3° Les créances de toute nature échues sont garanties sur le lot vendu du copropriétaire débiteur ;

4° La créance d'un héritier ou d'un copartageant, par l'effet du partage, du rapport ou de la réduction est garantie sur les immeubles partagés, donnés ou légués ;

5° Les créances sur une personne défunte et les legs de sommes d'argent, d'une part, les créances sur la personne de l'héritier, d'autre part, sont respectivement garanties sur les immeubles successoraux et les immeubles personnels de l'héritier comme il est dit à l'article 878 ;

6° La créance de l'accédant à la propriété titulaire d'un contrat de location-accession régi par la loi n° 84-595 du 12 juillet 1984 définissant la location-accession à la propriété immobilière est garantie sur l'immeuble faisant l'objet du contrat, pour la garantie des droits qu'il tient de ce contrat ;

7° Les créances de l'État, de la commune, de l'établissement public de coopération intercommunale à fiscalité propre ou de la métropole de Lyon [… ] sont garanties sur les immeubles faisant l'objet des mesures prises en application de ces dispositions. »


Par ailleurs, les hypothèques légales spéciales remplaceront désormais les privilèges immobiliers spéciaux.

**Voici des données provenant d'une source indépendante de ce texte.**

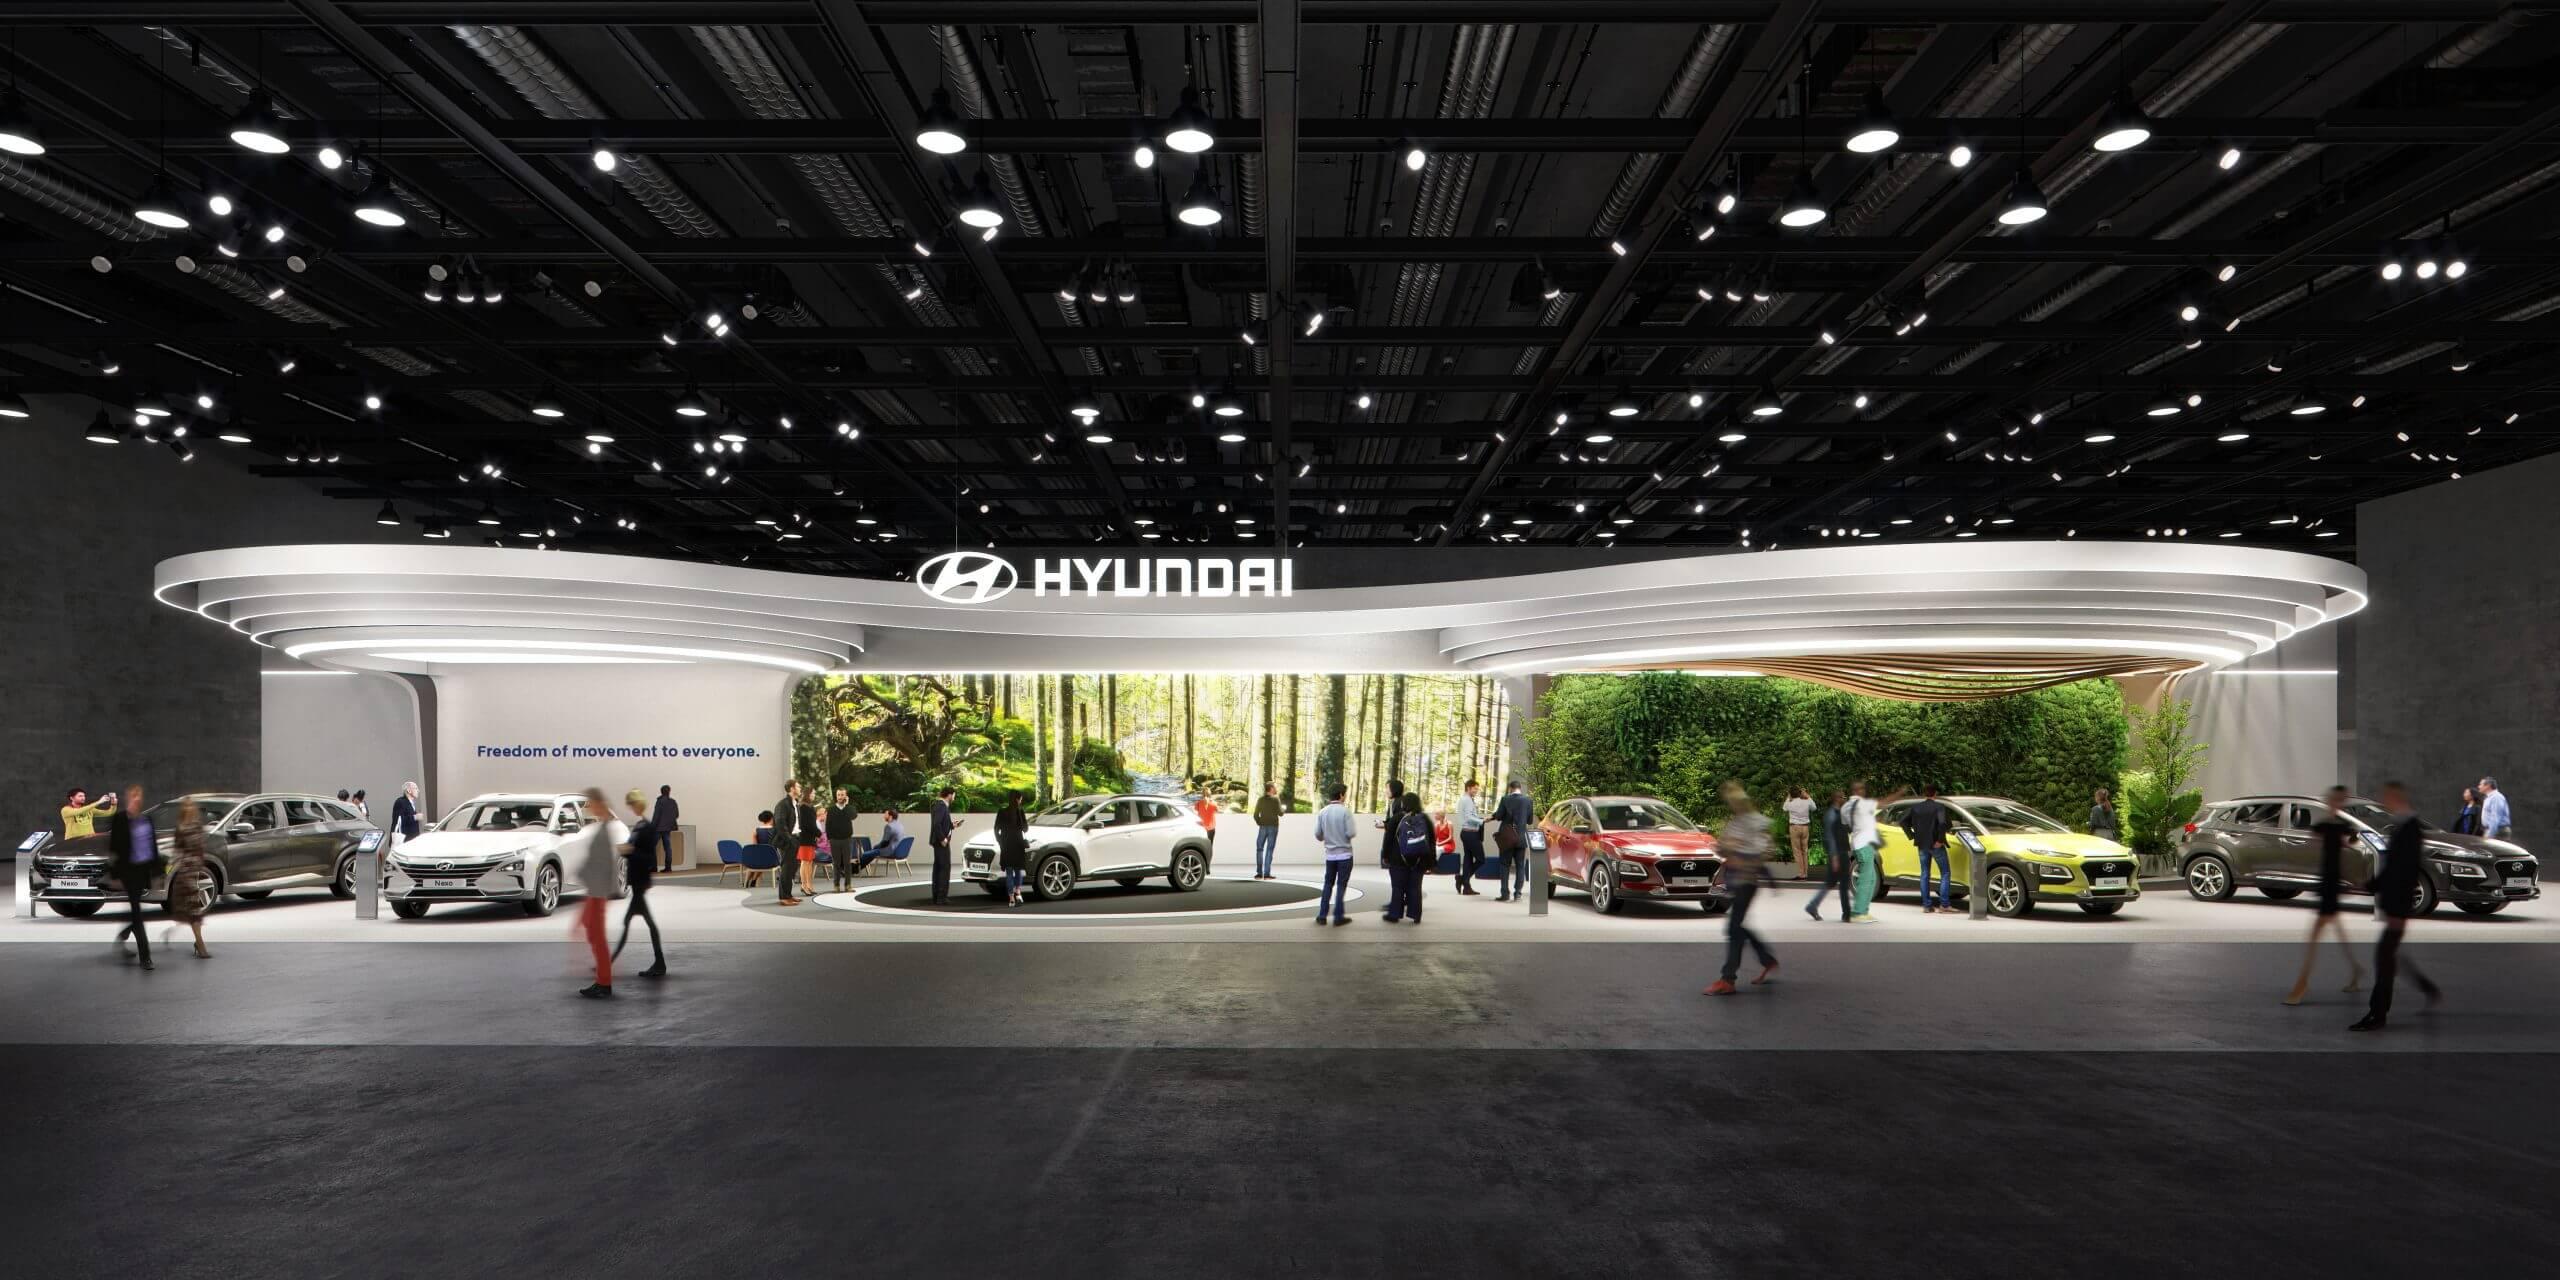 Hyundai_EXHIB_Brandlab_TheForest

Tout comme pour les titulaires d’une hypothèque, les titulaires de privilèges immobiliers spéciaux bénéficiaient d’un droit de suite ainsi que d’un droit de préférence et devaient faire inscrire leur sûretés au fichier immobilier.

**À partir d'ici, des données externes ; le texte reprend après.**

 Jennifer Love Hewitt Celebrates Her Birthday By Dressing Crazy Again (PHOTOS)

Cependant, la prise de rang des privilèges immobiliers spéciaux s’opérait rétroactivement à la date de naissance de la créance.

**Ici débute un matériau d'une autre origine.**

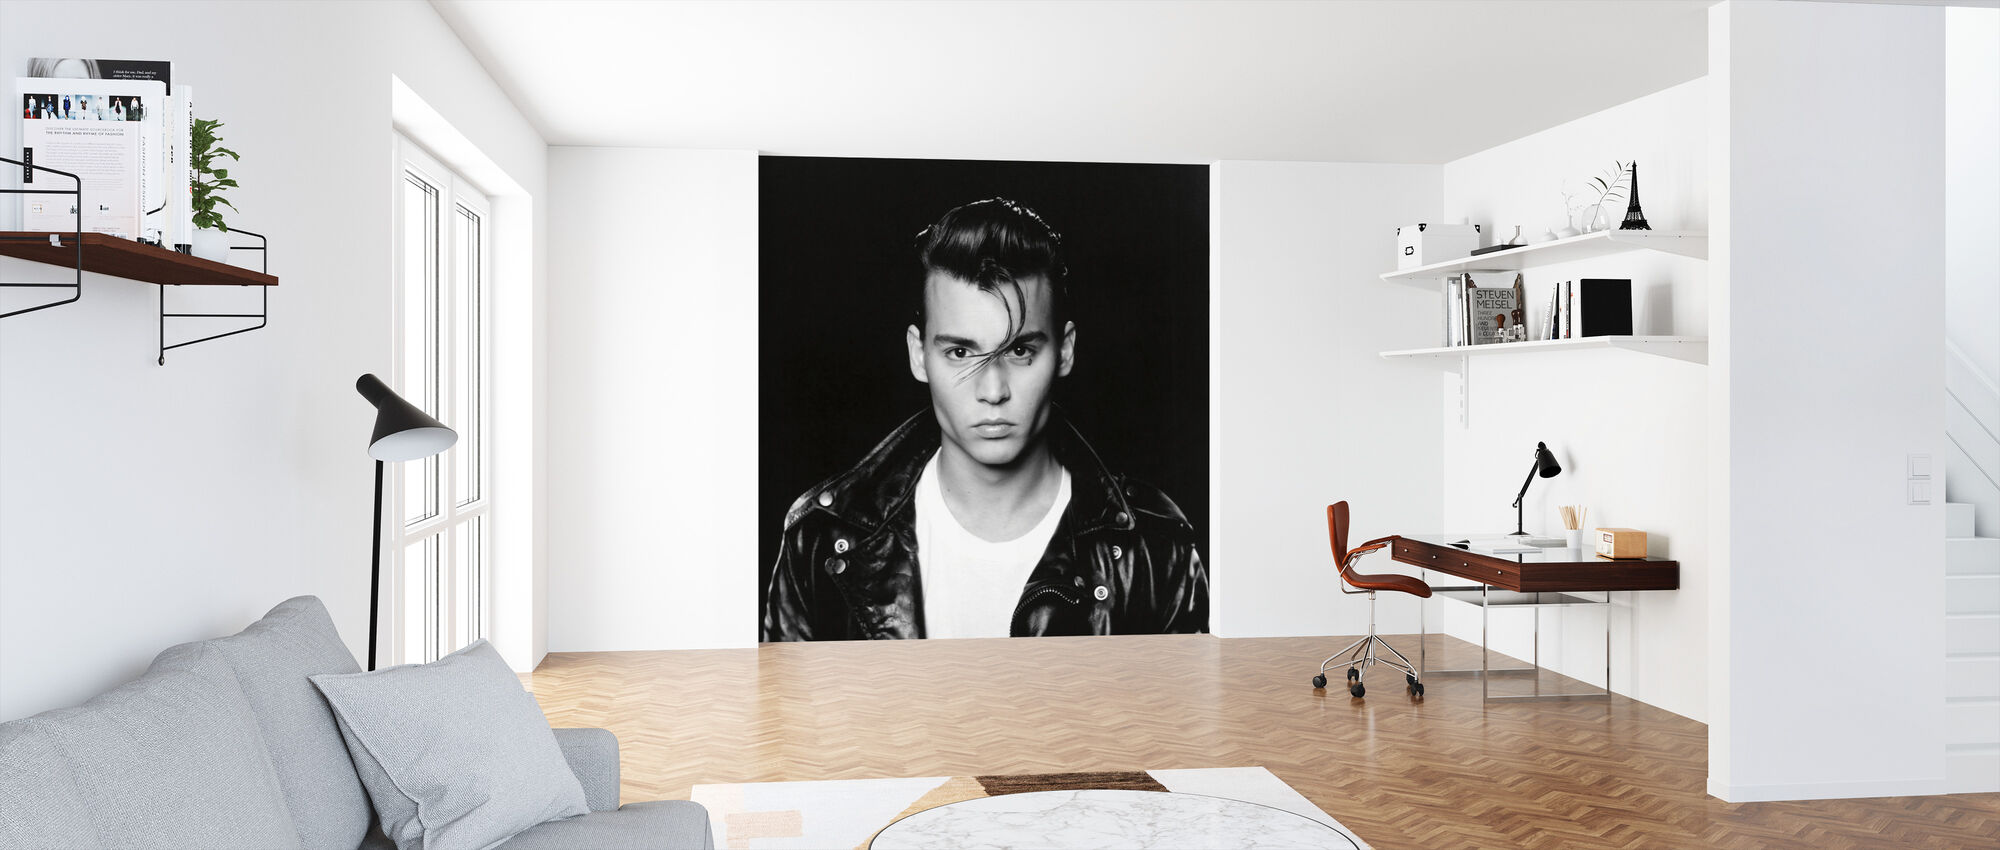 Johnny Depp in Crybaby - Wallpaper - Office

Désormais, la prise de rang des hypothèques légales spéciales s’opérera au jour de son inscription au fichier immobilier.


Ainsi, seuls les privilèges immobiliers généraux seront dispensés d’inscription au fichier immobilier.


Par ailleurs, la réforme apporte quelques modifications au régime de l’hypothèque conventionnelle puisqu’il sera désormais possible d’en obtenir sur des immeubles futurs.


De plus, la réforme met fin à une jurisprudence de la Cour de cassation aux termes de laquelle le tiers-détenteur désormais appelé tiers-acquéreur d’un bien immobilier, débiteur d’un droit de suite « n’était pas fondé à se prévaloir de la prescription de la créance principale à l’appui de sa demande de mainlevée du commandement de payer valant saisie ». (Cass. Civ. 2ème, 19 février 2015, n°13-27.691 [1])


En effet, le tiers-acquéreur bénéficie de garanties nouvelles puisqu’il pourra désormais, comme le peut une caution, opposer au créancier toutes les exceptions qui appartiennent au débiteur principal. (Article 2455 nouveau du code civil)


Le tiers-acquéreur pourra également lorsqu’il n’est pas personnellement obligé à la dette, s’opposer à la vente de l’immeuble hypothéqué, s’il existe d’autres immeubles, à l’appui de la même dette en possession du débiteur principal et en requérir la discussion préalable. (Article 2455 nouveau du code civil)


Enfin, l’hypothèque judiciaire conservatoire sera désormais régie par le code des procédures civiles d’exécution, de façon à pallier les carences en la matière du code civil.


En conclusion, la réforme a apporté des modifications qui tendent à simplifier ainsi qu’à unifier le régime des sûretés réelles et notamment de l’hypothèque qui se présente souvent comme une garantie incontournable pour accéder à un prêt bancaire.